With a collection of naked photos of her friends and eight hours a day to dedicate to painting, Geller launched her “quaranudes” project with the account @paint.and.nip to show off her painted interpretations of their bodies. “Most of my first project participants were coworkers and industry folk,” she says. “I started this project on my personal Instagram and it grew very naturally via shares from friends and friends of friends.”
She originally started the account as a creative journal, with the intention of donating half of the money she earned to COVID relief organizations. However, Geller transitioned it into a business after requests for her work started flooding in last summer. These days, she has moved past painting nude portraits of her friends to a wider customer base and hopes to eventually host in-person wine and painting classes to create a hybrid of her two passions.
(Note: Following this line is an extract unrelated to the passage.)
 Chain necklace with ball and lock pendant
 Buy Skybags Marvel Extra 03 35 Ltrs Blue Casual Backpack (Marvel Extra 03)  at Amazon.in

Community was also a big help to Seattle-based barista Felix Trần. After he was laid off, Trần hoped to get his freelance design and illustration work off the ground with his Instagram account @softvelvetboy. He started posting his illustration on his profile, where the coffee brands and potential customers he had connected with could see it. He also designed prints and stickers to sell. “Instagram is now a marketing platform,” Trần says, “and it’s a great way to interact with your community safely during a pandemic.” His strategy worked: He was hired as the in-house graphic designer and social media manager for a large Seattle coffee brand.
Months into 2021, there’s finally a hint of light at the end of the pandemic tunnel. States are lifting restrictions and rolling out vaccines, and restaurants are reopening dining rooms and calling for furloughed or laid-off workers to return to work. But unlike Trần, many former hospitality workers who have built up their Instagram shops aren’t jumping at the prospect of returning to the industry.
Geller sees a future in combining her wine and painting expertise. Santos plans to keep collecting as long as he can and eventually hopes to open his own brick-and-mortar furniture shop.
“I’ve learned that I have worth outside of working for someone else,” says Tuttle, who is also in no hurry to go back to the service industry. “This [Instagram shop] has made me feel like I can actually create something of my own and have more control over what I will be doing for the rest of my life.”
“The hospitality industry is just not the same, and I’m still figuring out what I want to do,” she adds. “Truly wanting to make people happy — that brought me joy, but it’s more difficult and there’s more obstacles in your way now.” When asked whether her online glassware shop is her dream job, she replied, “Maybe. But also, glassware doesn’t talk, which is really difficult for me. I think combining the two is where I’m going to hit the sweet spot.” In the meantime, she’ll keep selling cordials, flutes, and tumblers on Instagram. “It’s still the same joy I get to bring to people, but in a different way.”
Jack Riewe is a designer and writer based in Seattle, covering culture, food, fashion, and design.